Non che si voglia apparire pessimisti ma vi è la consapevolezza che si tratta di mostri tutti italici difficili da abbattere tenendo conto delle resistenze di una burocrazia farraginosa ed improduttiva ed il sistema delle correnti e dei privilegi che gode la magistratura in generale. Un vero e proprio corpo estraneo rispetto al Paese anche solo guardando quanto ci costano in Europa i risarcimenti danni per mancata giustizia e il risultato a volte davvero aberrante di certe sentenze che sono agli antipodi del buon senso e della ragionevolezza. Altro che primato della legge.

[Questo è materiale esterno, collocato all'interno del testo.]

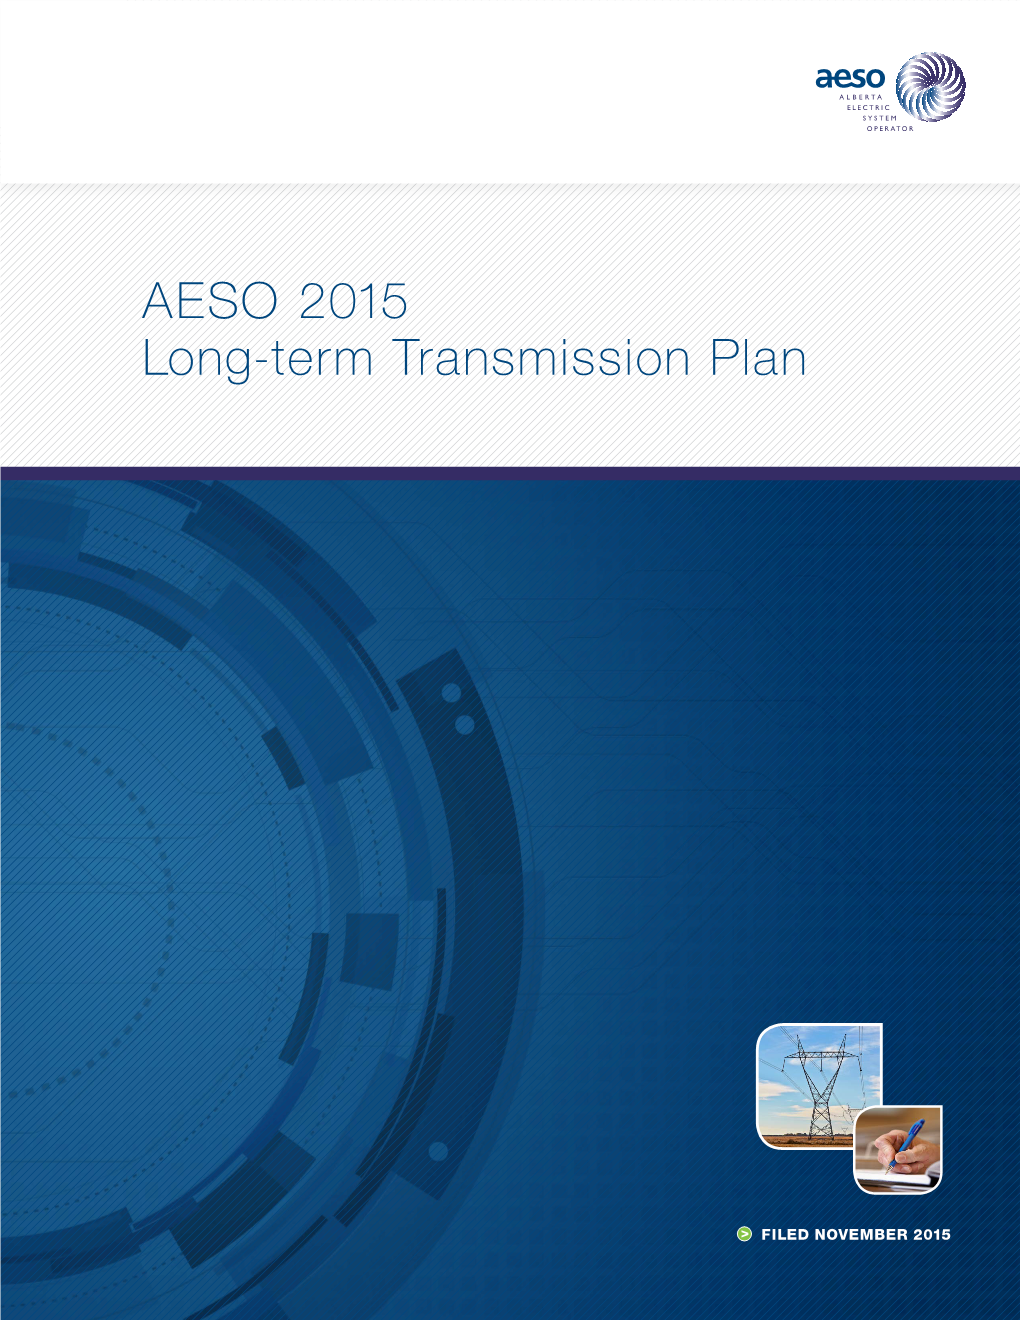 AESO 2015 Long-Term Transmission Plan

Ne consegue che se molto è stato fatto, credo che molto, molto altro, sia ancora da fare e che sarà difficile a praticarsi sino a che all’ interno del Governo continueranno a muoversi le pastoie (anche ideologiche) di chi ritiene lo Jus soli una priorità, il diritto alla salvaguardia del proprio territorio rispetto ad una immigrazione incontrollata, una pericolosa deriva razzista e nazionalistica e la tassa sui patrimoni per fare l’ ennesima elemosina di Stato (insieme al criminogeno reddito di cittadinanza) una ragione di civiltà.

Questo senza poi contare l’ inutile decreto liberticida (decreto Zan) che punisce ciò che risulta già punito e che vuole in realtà punire ciò che ancora non si era pensato di punire in Italia: le idee non allineate.

Difficile immaginare che privilegiati, fantasisti e gli anti Stato per professione decidano di contribuire a fare qualcosa di utile. Più facile continuare a vendere favole e proclami fantasiosi ed ipocriti come il precedente Governo piuttosto che rimboccarsi le maniche. Ma questa è la situazione attuale e con questa bisognerà andare avanti almeno fino a che ai cittadini non si torni a dare loro l’ unico diritto ancora possibile: quello di tornare presto a votare.